__The data__

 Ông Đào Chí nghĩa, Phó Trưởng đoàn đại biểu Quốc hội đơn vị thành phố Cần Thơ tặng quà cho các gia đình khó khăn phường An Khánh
* * *
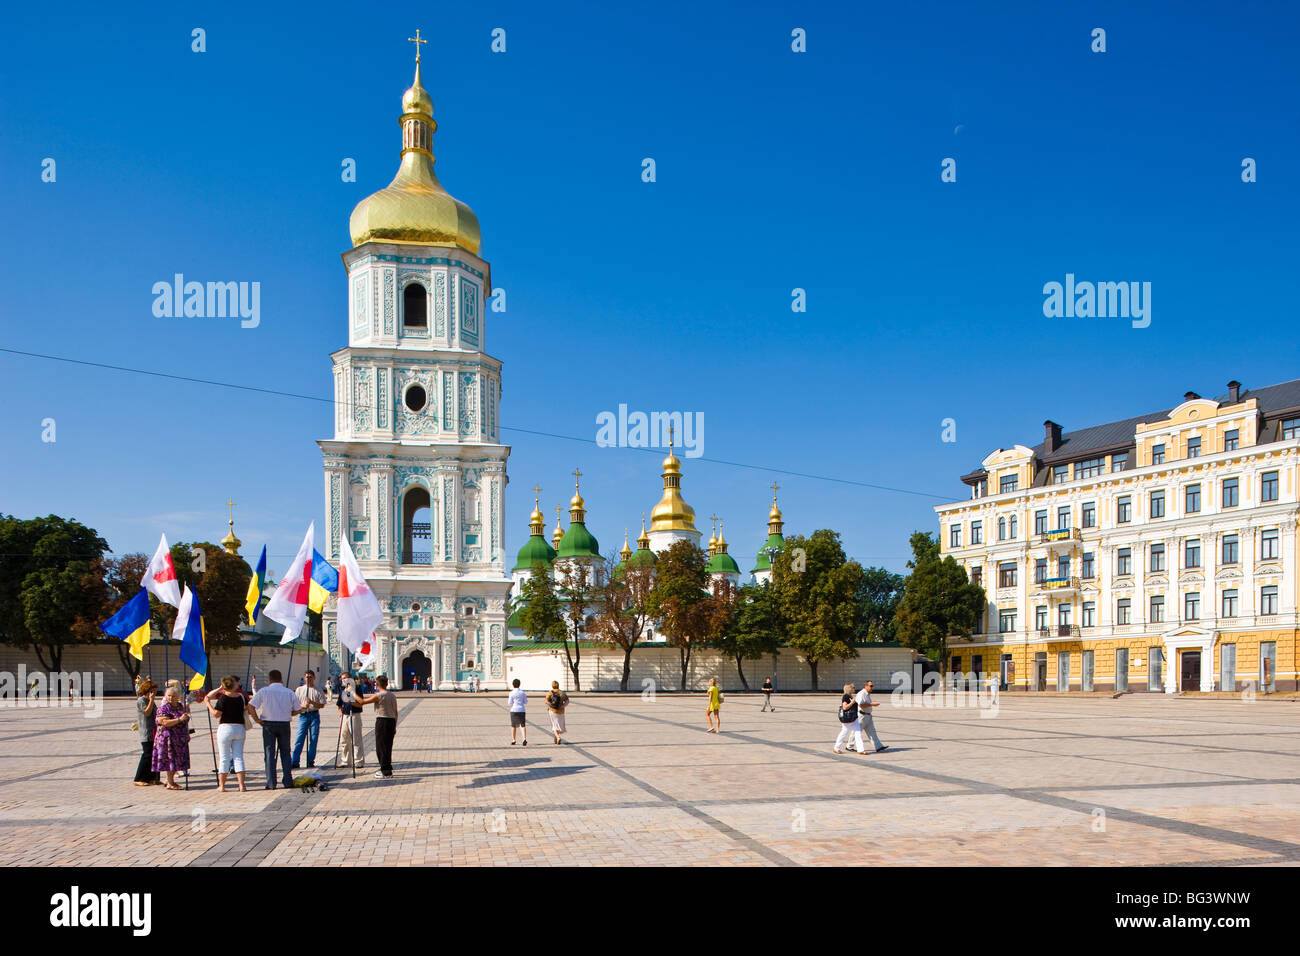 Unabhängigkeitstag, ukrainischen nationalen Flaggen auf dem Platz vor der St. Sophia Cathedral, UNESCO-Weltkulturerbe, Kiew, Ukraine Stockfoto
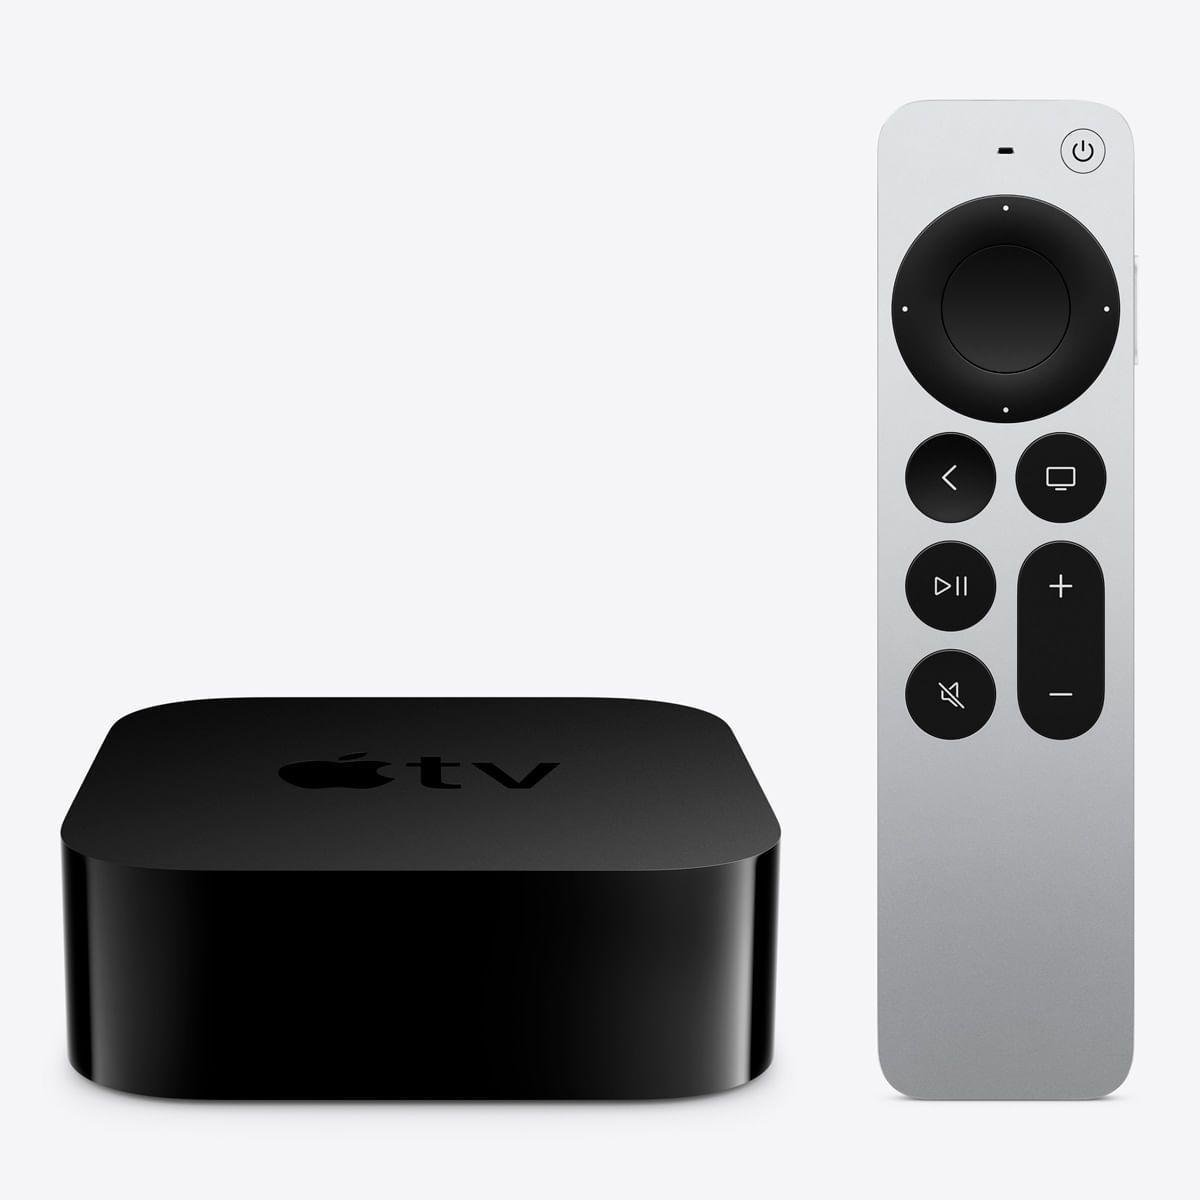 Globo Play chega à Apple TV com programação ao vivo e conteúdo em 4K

__Exercise aim__
Set the pictures aside and transcribe exactly the stretch of lines above, beginning with the one holding "Unabhängigkeitstag, ukrainischen nationalen" and ending with the one holding "Globo Play chega".

__Answer to this problem__
 Unabhängigkeitstag, ukrainischen nationalen Flaggen auf dem Platz vor der St. Sophia Cathedral, UNESCO-Weltkulturerbe, Kiew, Ukraine Stockfoto
 Globo Play chega à Apple TV com programação ao vivo e conteúdo em 4K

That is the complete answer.